_What is needed_.
Each line below from the "Green sprouted onion" line through the "Private Equity Fund Investment Due Diligence" line, those two included, must be restated word for word; the pictures must not be.

_Dataset excerpts_.
<<<<

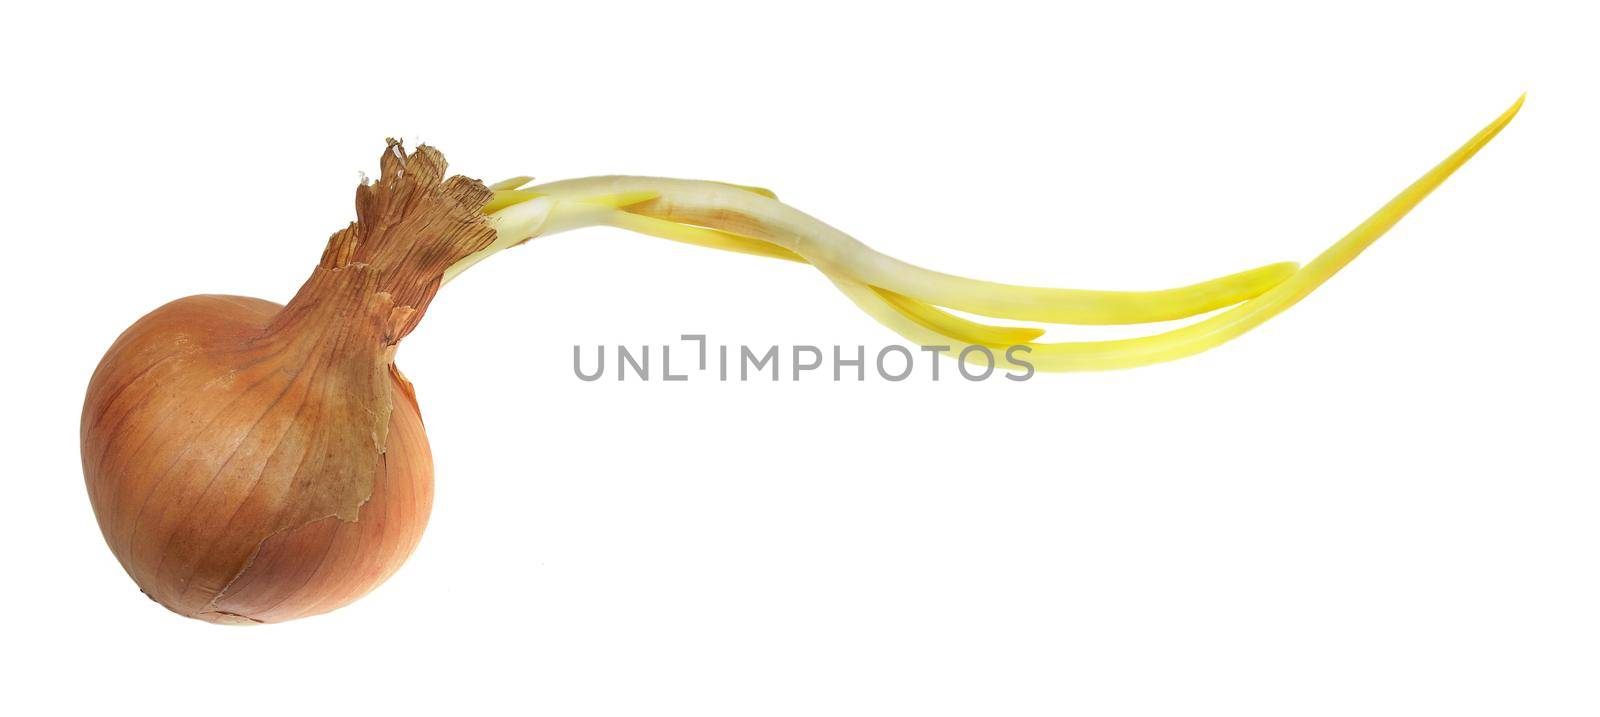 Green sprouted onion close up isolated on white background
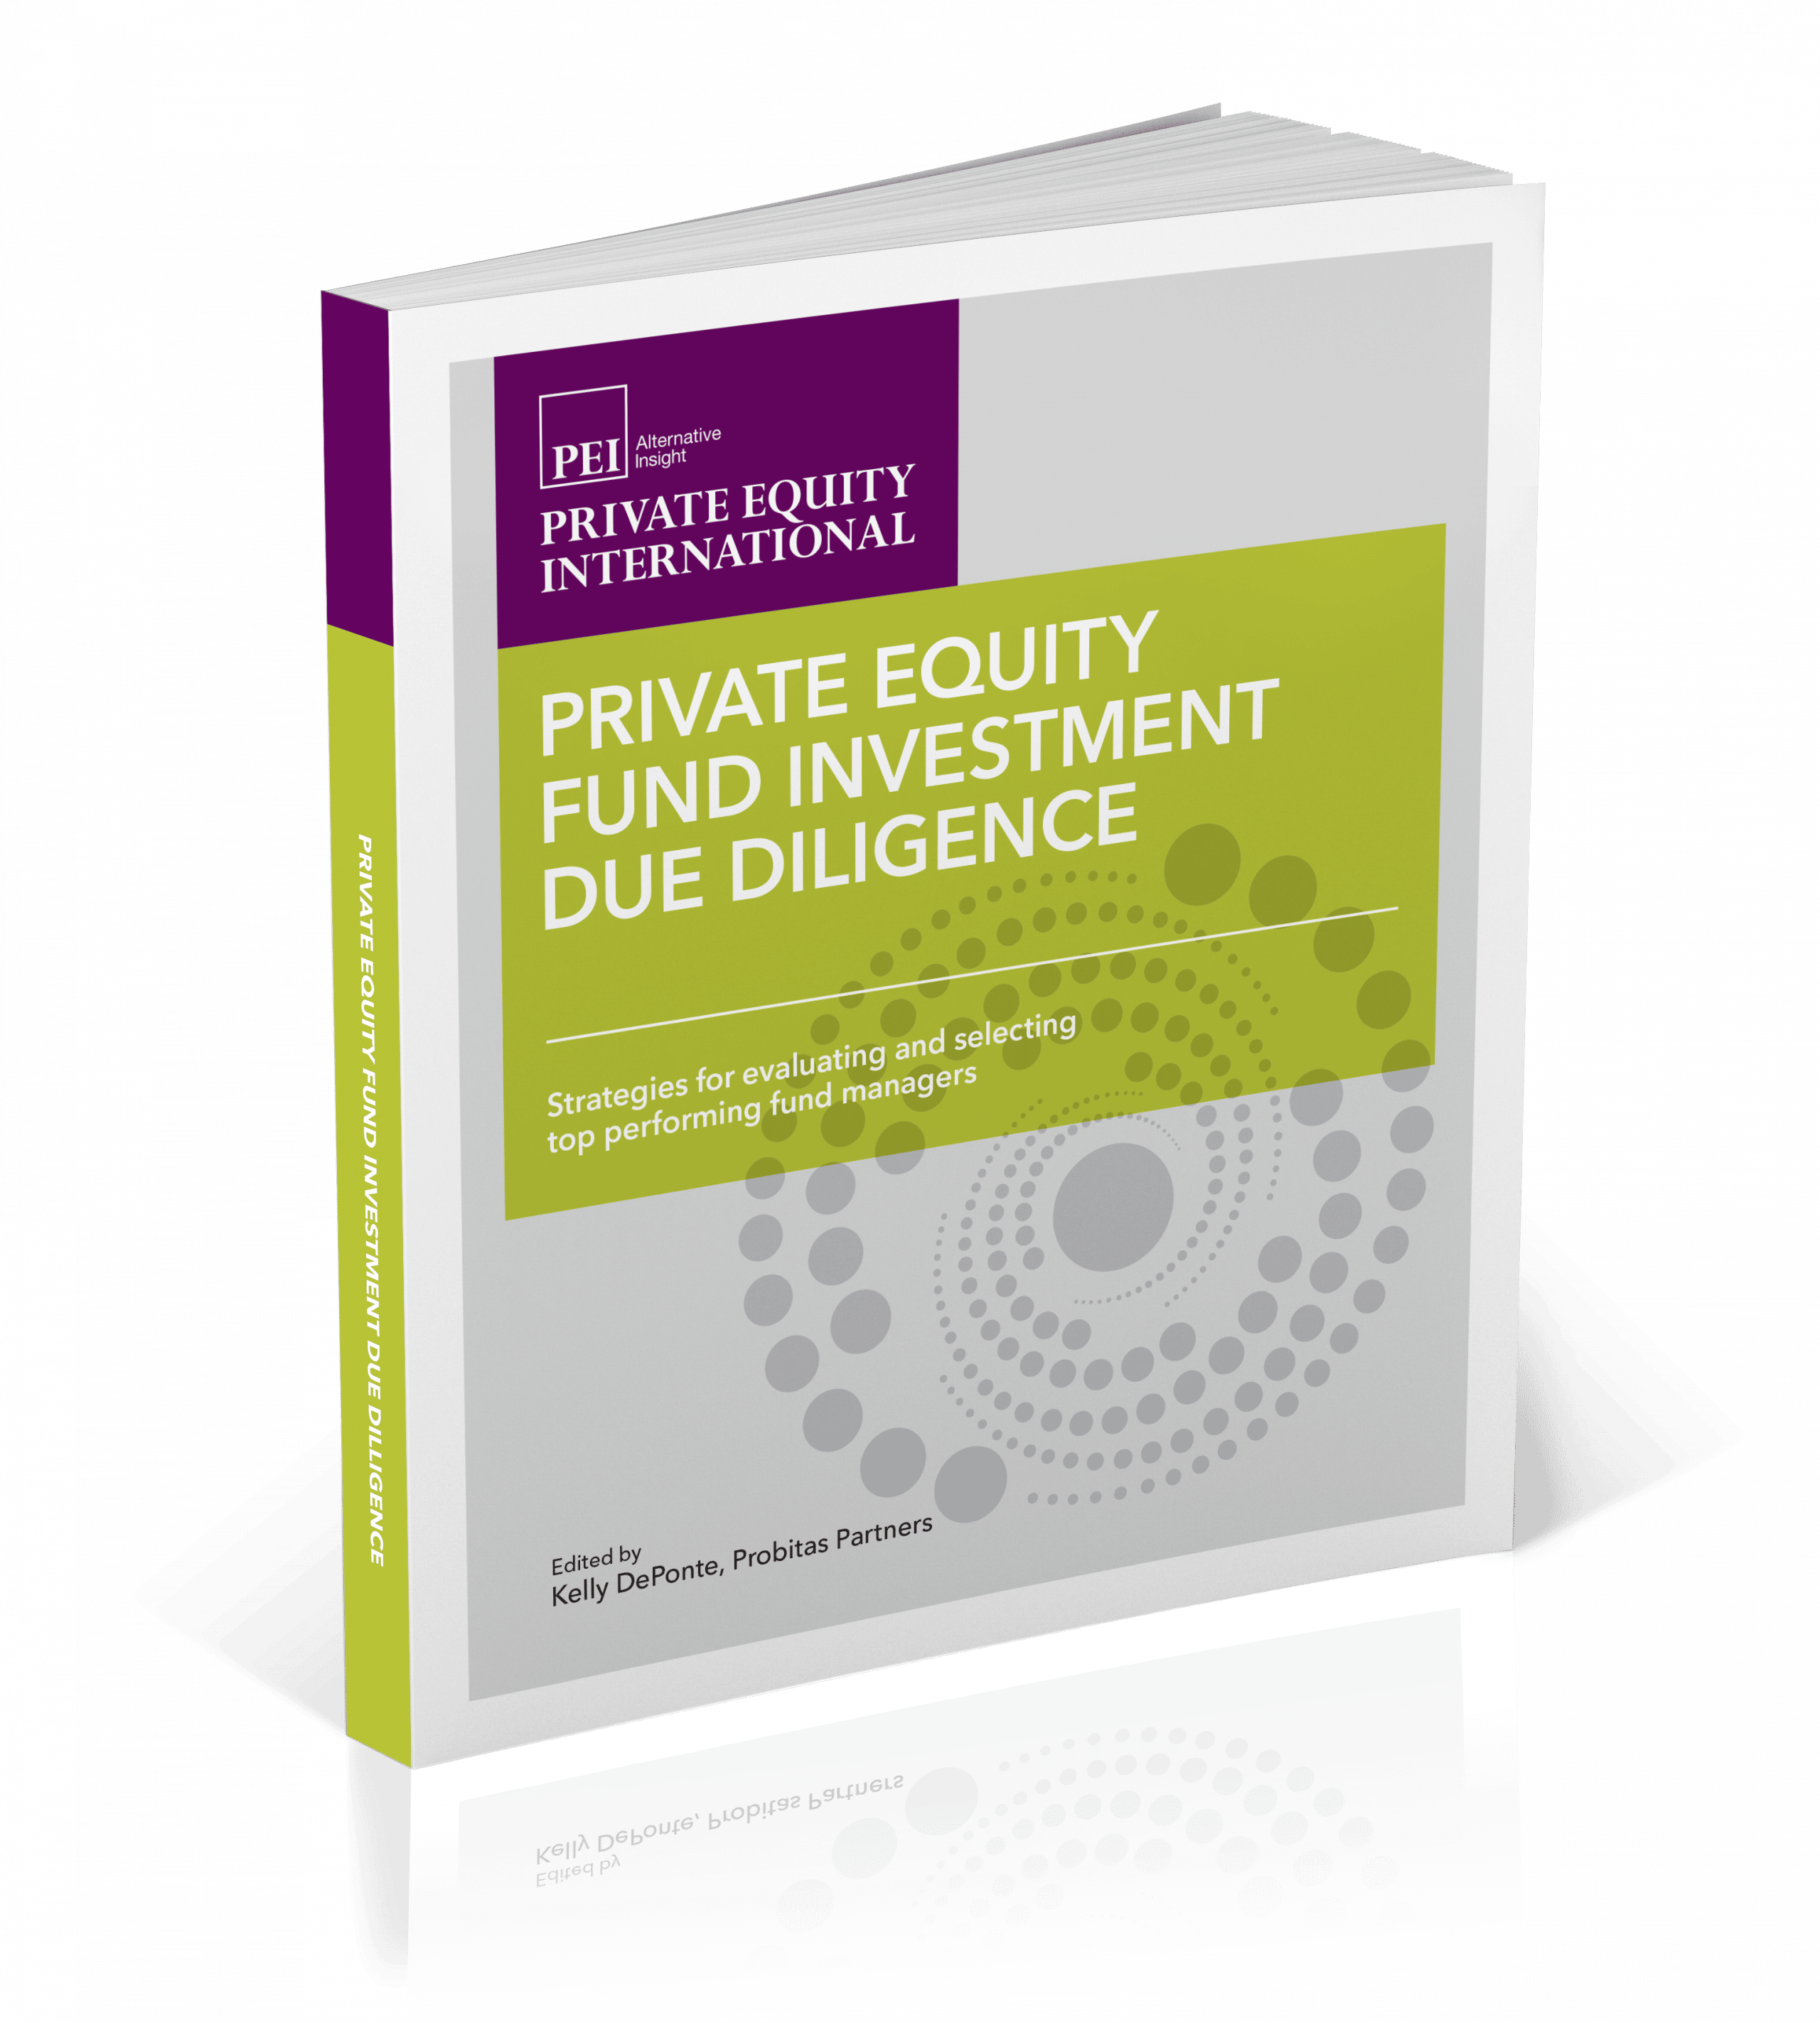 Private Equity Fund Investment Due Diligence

>>>>
<<<<

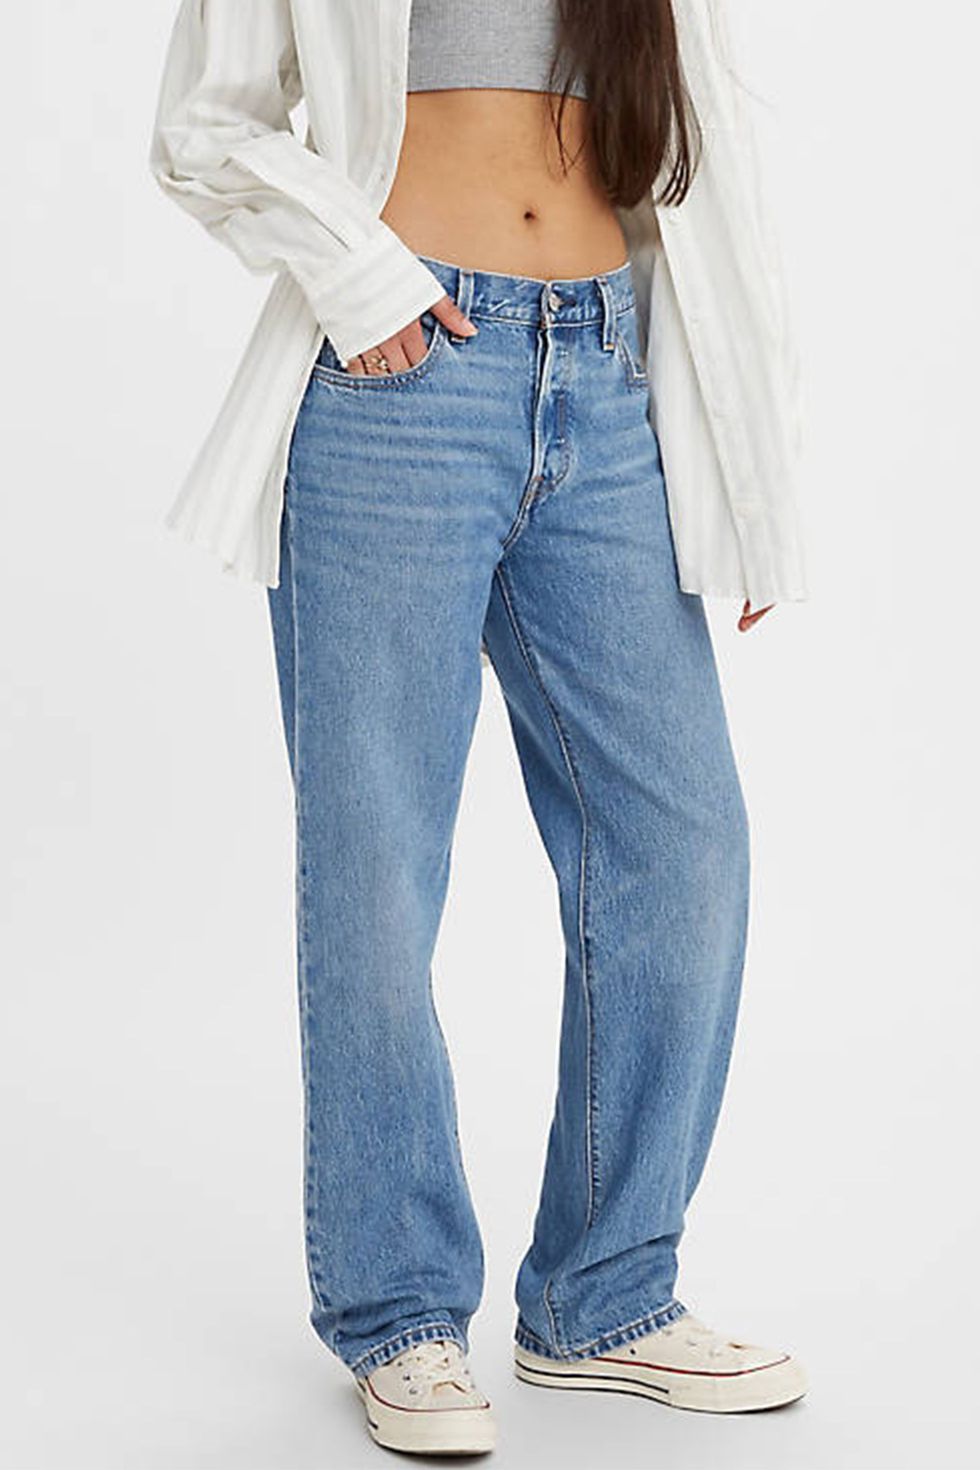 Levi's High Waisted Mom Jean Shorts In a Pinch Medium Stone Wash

>>>>
<<<<

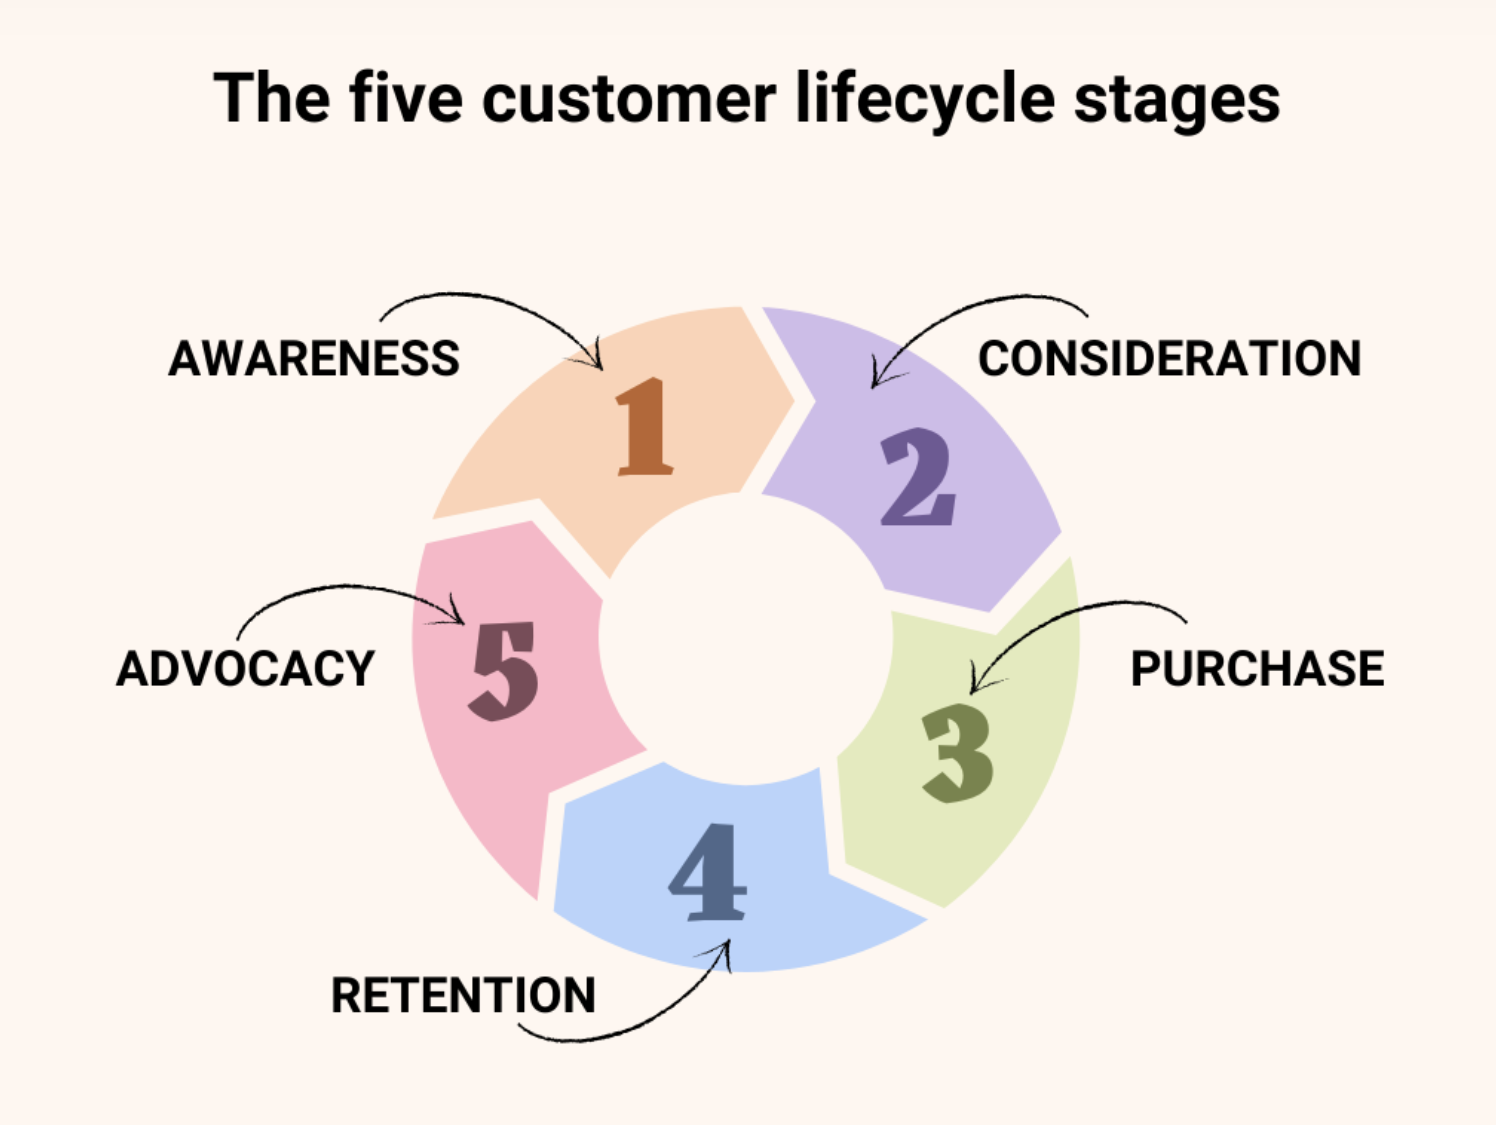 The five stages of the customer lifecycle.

>>>>

_Exercise solution_.
 Green sprouted onion close up isolated on white background
 Private Equity Fund Investment Due Diligence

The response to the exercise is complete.